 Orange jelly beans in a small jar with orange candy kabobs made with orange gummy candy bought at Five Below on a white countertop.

● ● ● ● ● ● ●

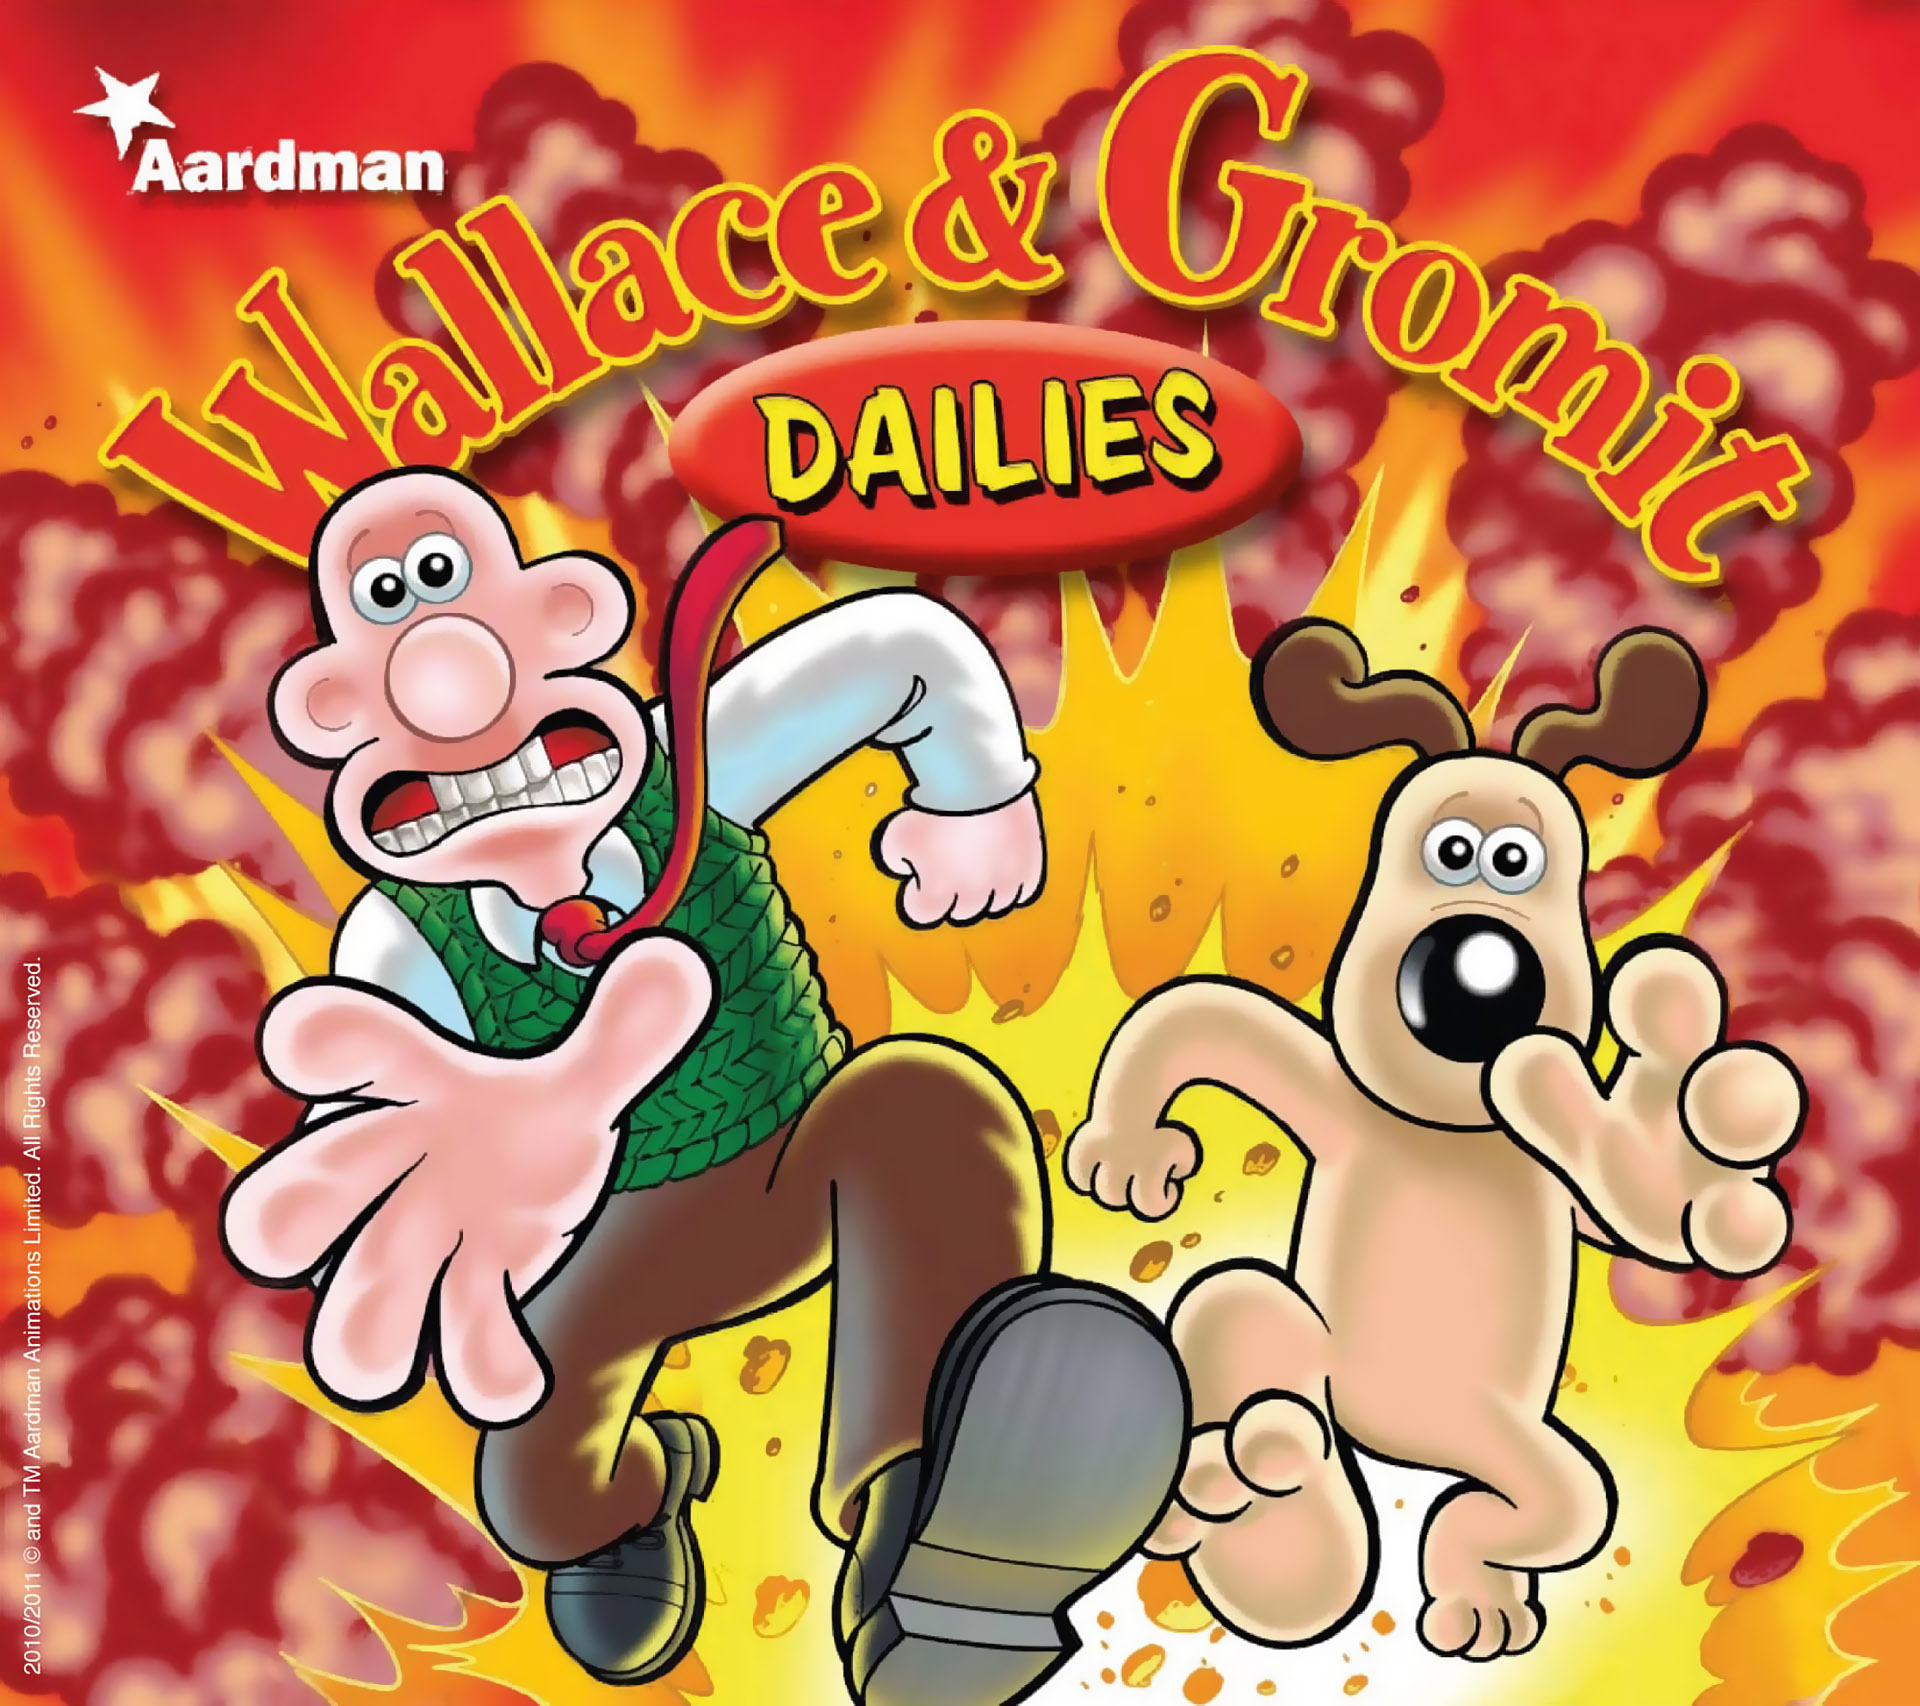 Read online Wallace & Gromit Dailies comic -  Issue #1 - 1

● ● ● ● ● ● ●

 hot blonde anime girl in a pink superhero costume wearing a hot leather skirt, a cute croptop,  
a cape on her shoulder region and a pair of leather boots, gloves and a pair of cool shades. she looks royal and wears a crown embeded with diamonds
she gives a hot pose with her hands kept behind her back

● ● ● ● ● ● ●

-- WORK REQUEST --
Your task is to transcribe, with no changes, only the lines of the listing above that lie between the line holding "a cape on her" and the line holding "she gives a", inclusive.

-- WRITTEN RESPONSE --
a cape on her shoulder region and a pair of leather boots, gloves and a pair of cool shades. she looks royal and wears a crown embeded with diamonds
she gives a hot pose with her hands kept behind her back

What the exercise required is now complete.